The Collaborative Pathways project at Advocates, Inc. in Framingham, MA has received an FEMHC grant to develop and evaluate their highly innovative new program. This community-based team approach provides a safe, welcoming, and respectful environment in which young people who are experiencing early episode psychosis can explore with their families and other natural supports all the options available for dealing with their experience. The new initiative incorporates immediate help, person-centered care, and intensive, ongoing support with shared decision-making about the use and timing of psychiatric medications.
The Collaborative Pathways approach was inspired by the work of Dr. Jaakko Seikkula and his team at Keropudas Hospital in Tornio, Finland and of Dr. Mary Olson in the US, in developing “Open Dialogue,” which has achieved impressive outcomes for early psychosis and other challenging conditions. The Collaborative Pathways team, led by Dr. Christopher Gordon, a psychiatrist and Associate Clinical Professor of Psychiatry at Harvard Medical School, has completed one year of an anticipated two-year training program with Dr. Olson at the Institute for Dialogic Practice in Haydenville, Massachusetts.

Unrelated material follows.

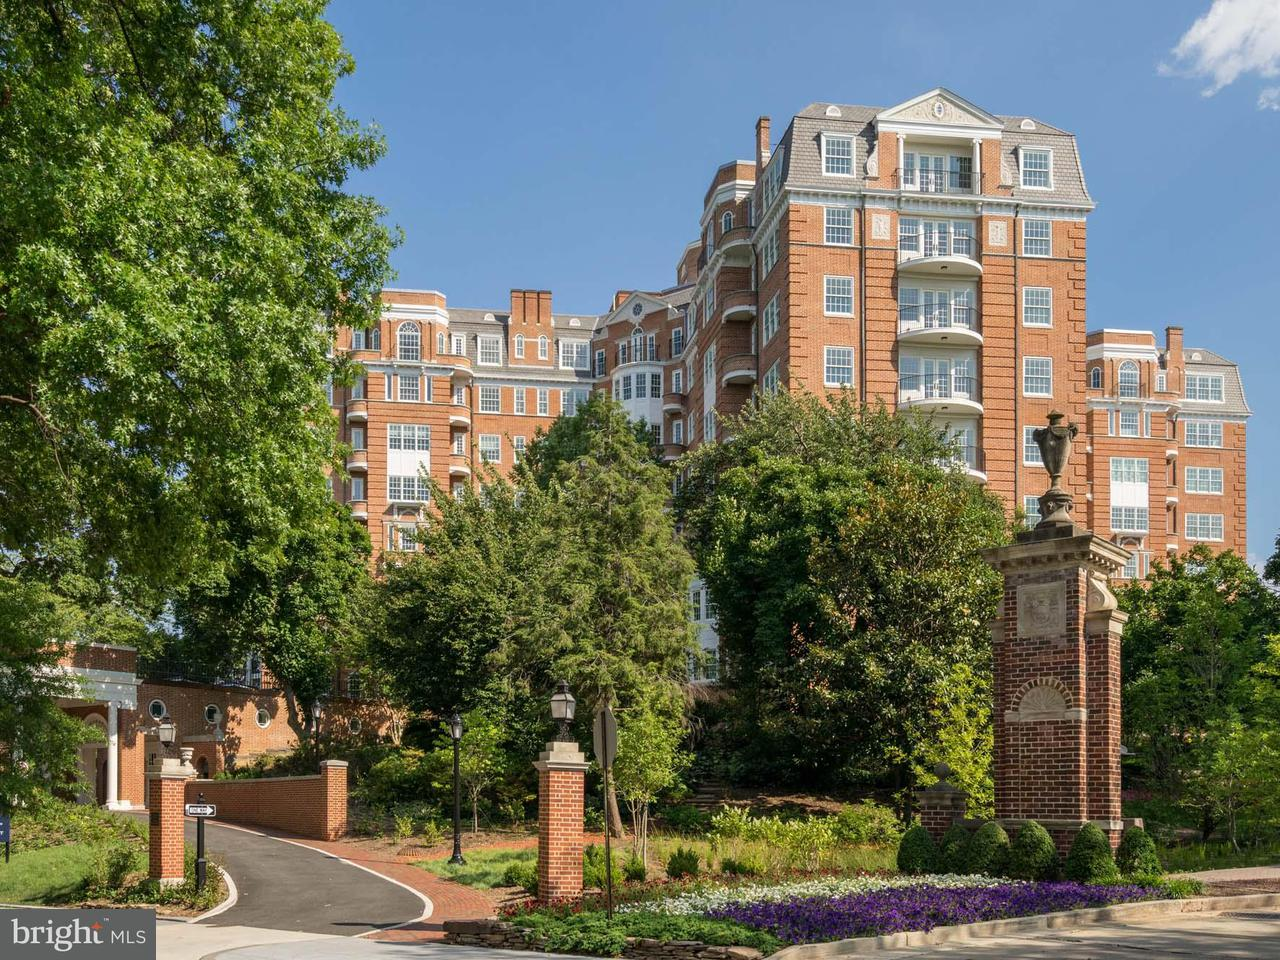 Eigentumswohnung für Verkauf beim 2660 Connecticut Ave Nw #4c 2660 Connecticut Ave Nw #4c Washington, District Of Columbia 20008 Vereinigte Staaten

The team also is completing additional training in Tornio in August 2012. The Collaborative Pathway team hopes to emulate the Open Dialogue values of responding to people experiencing early-episode psychosis with compassionate listening, respect, and optimism, and to offer medications judiciously when desired or needed, consistent with scientific evidence and as part of an overall approach to recovery. Learning from the successful long-term outcomes of Keropudas Hospital, the Collaborative Pathways team hopes that demonstrating the safety of this approach similarly will help improve outcomes for young people in the US who are experiencing first-episode psychosis.
This project builds on the longstanding and pioneering commitment of Dr. Gordon and his team at Advocates to recovery-oriented thinking and practice as the basis of effective mental health care.